Supplied data -
•••••

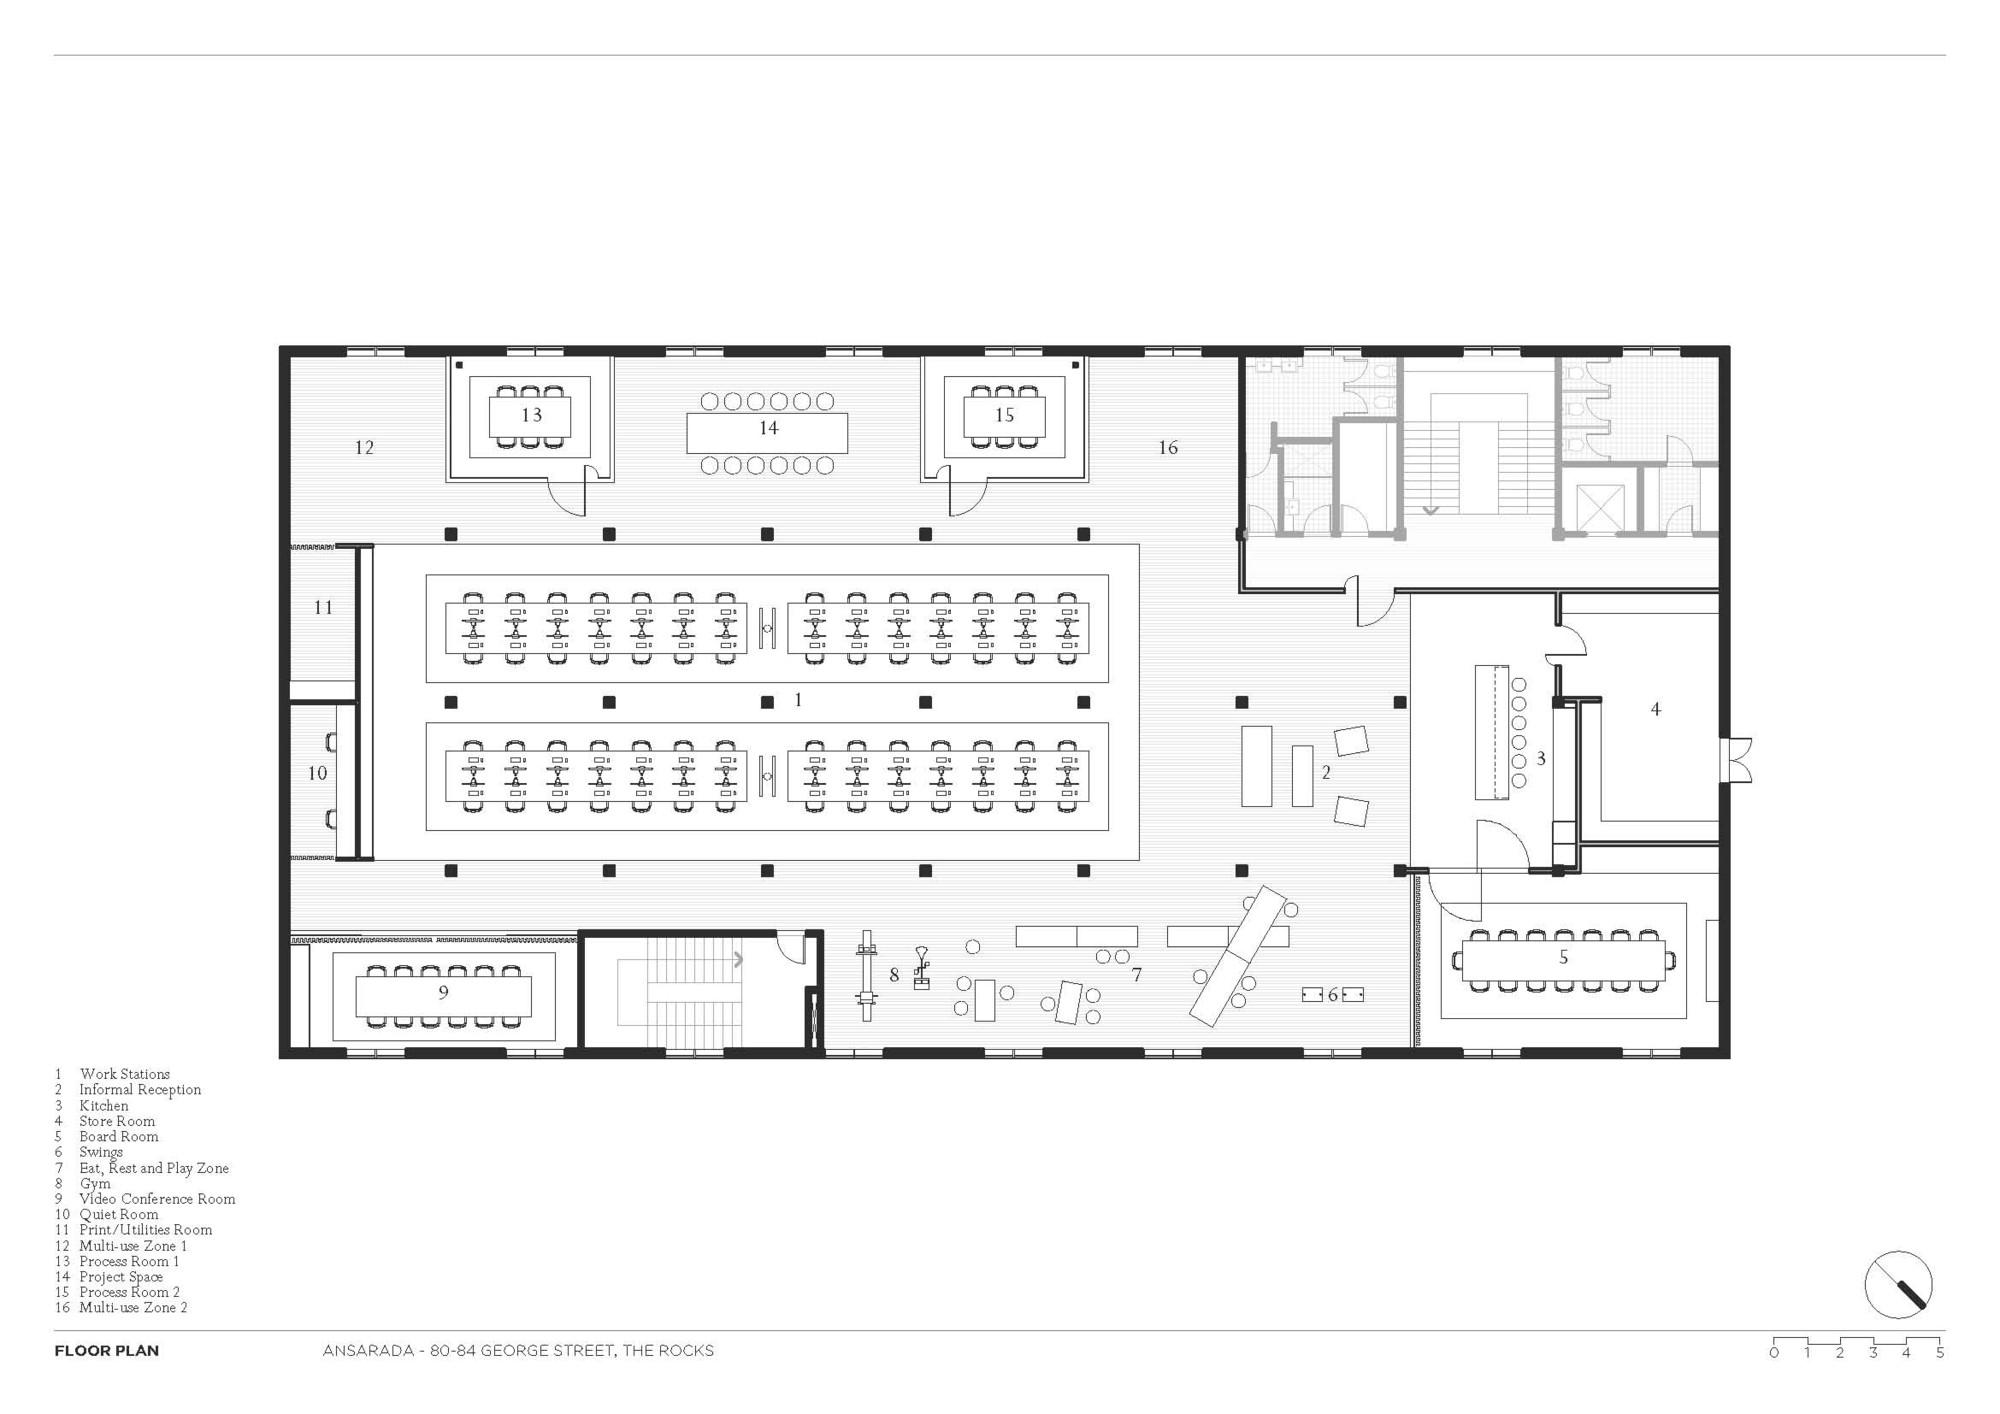 Gallery Of Ansarada / Those Architects
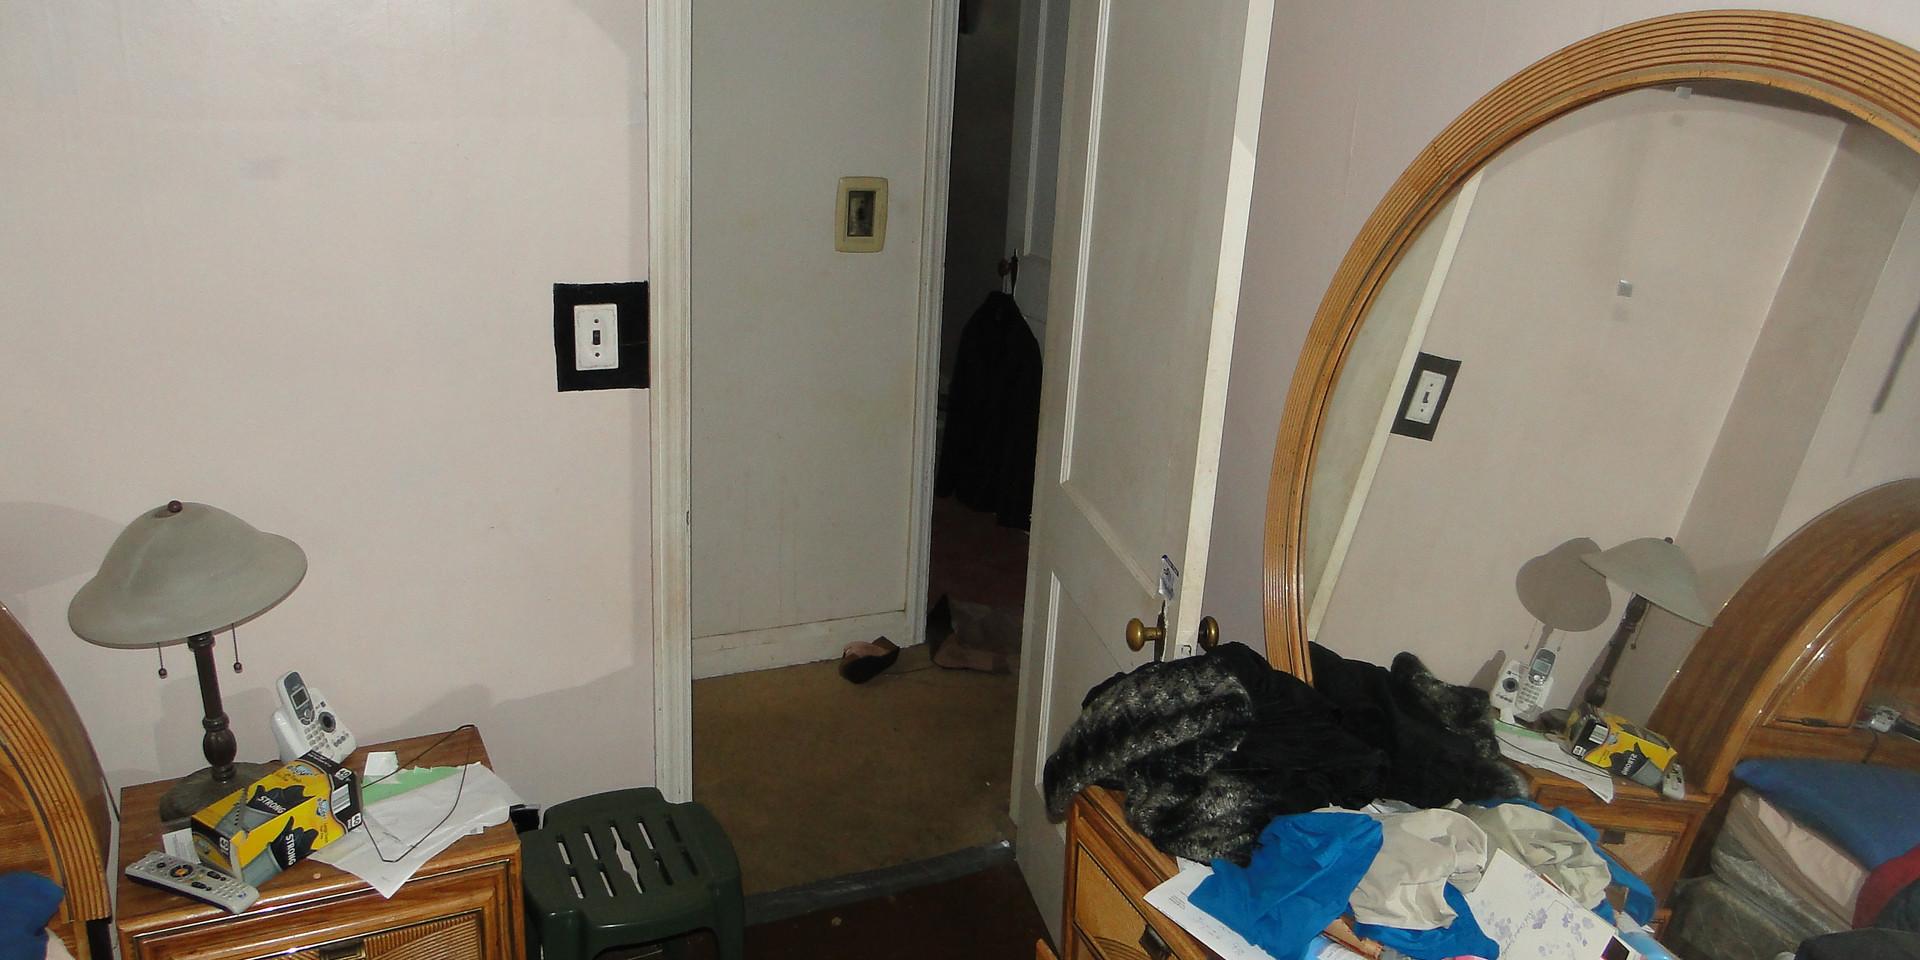 07 - Bedroom 4.JPG
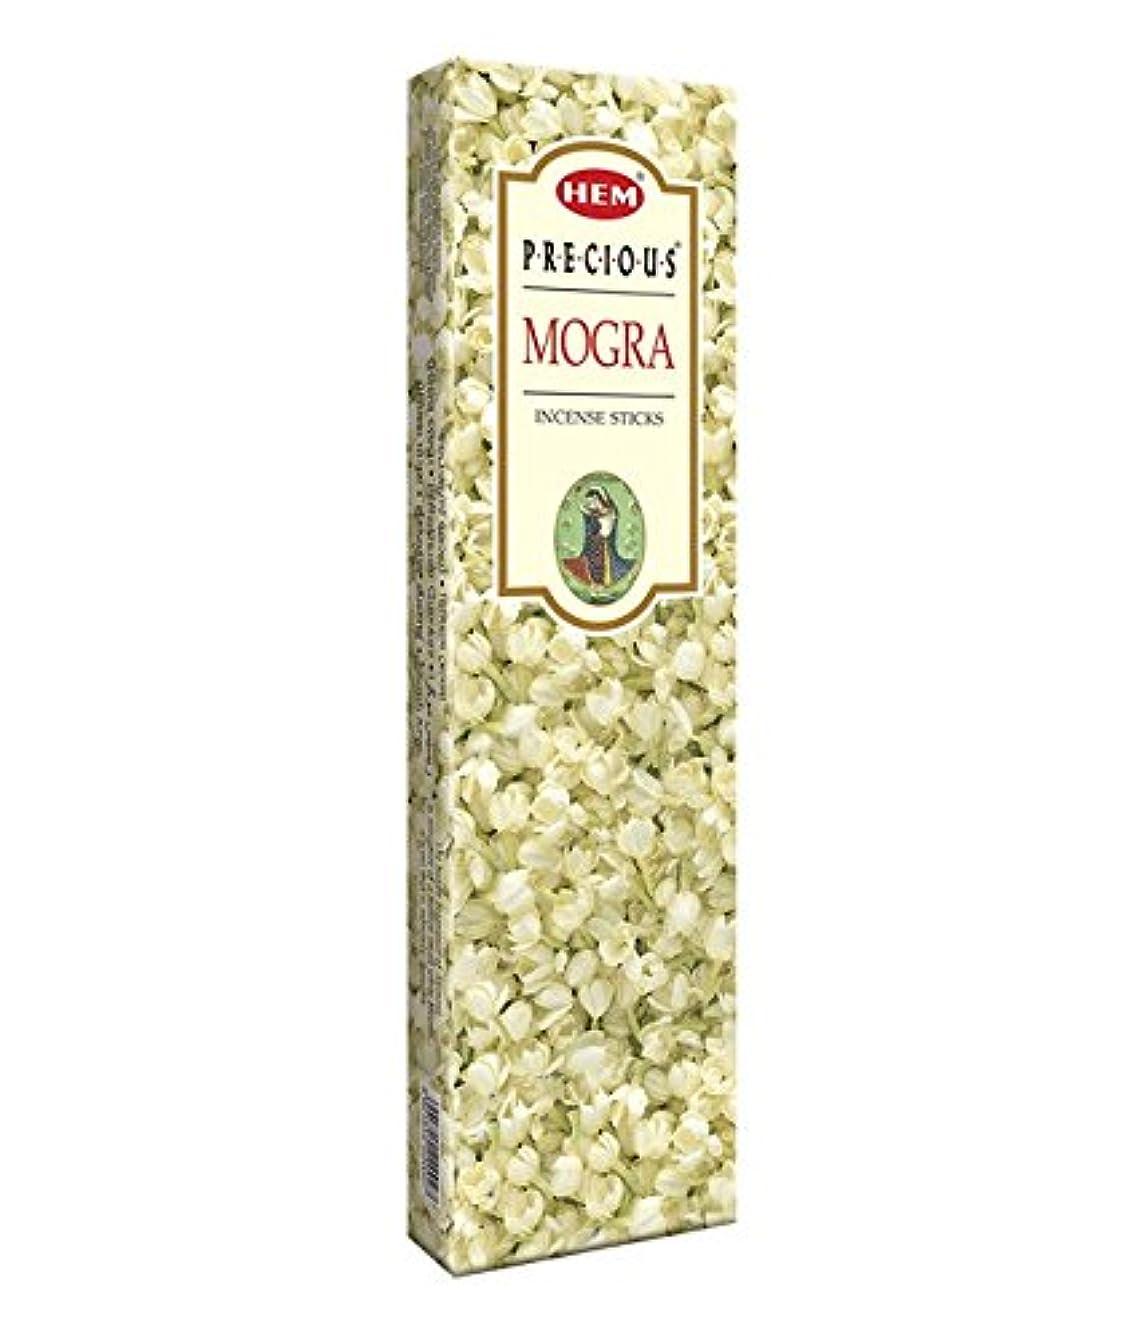 Agarbathi Fragrance Hem Precious Mogra 100 g INCENSE STICKS

•••••

Work request -
Would you set down the listing exactly, omitting pictures?

Answer for the task -
 Gallery Of Ansarada / Those Architects
 07 - Bedroom 4.JPG
 Agarbathi Fragrance Hem Precious Mogra 100 g INCENSE STICKS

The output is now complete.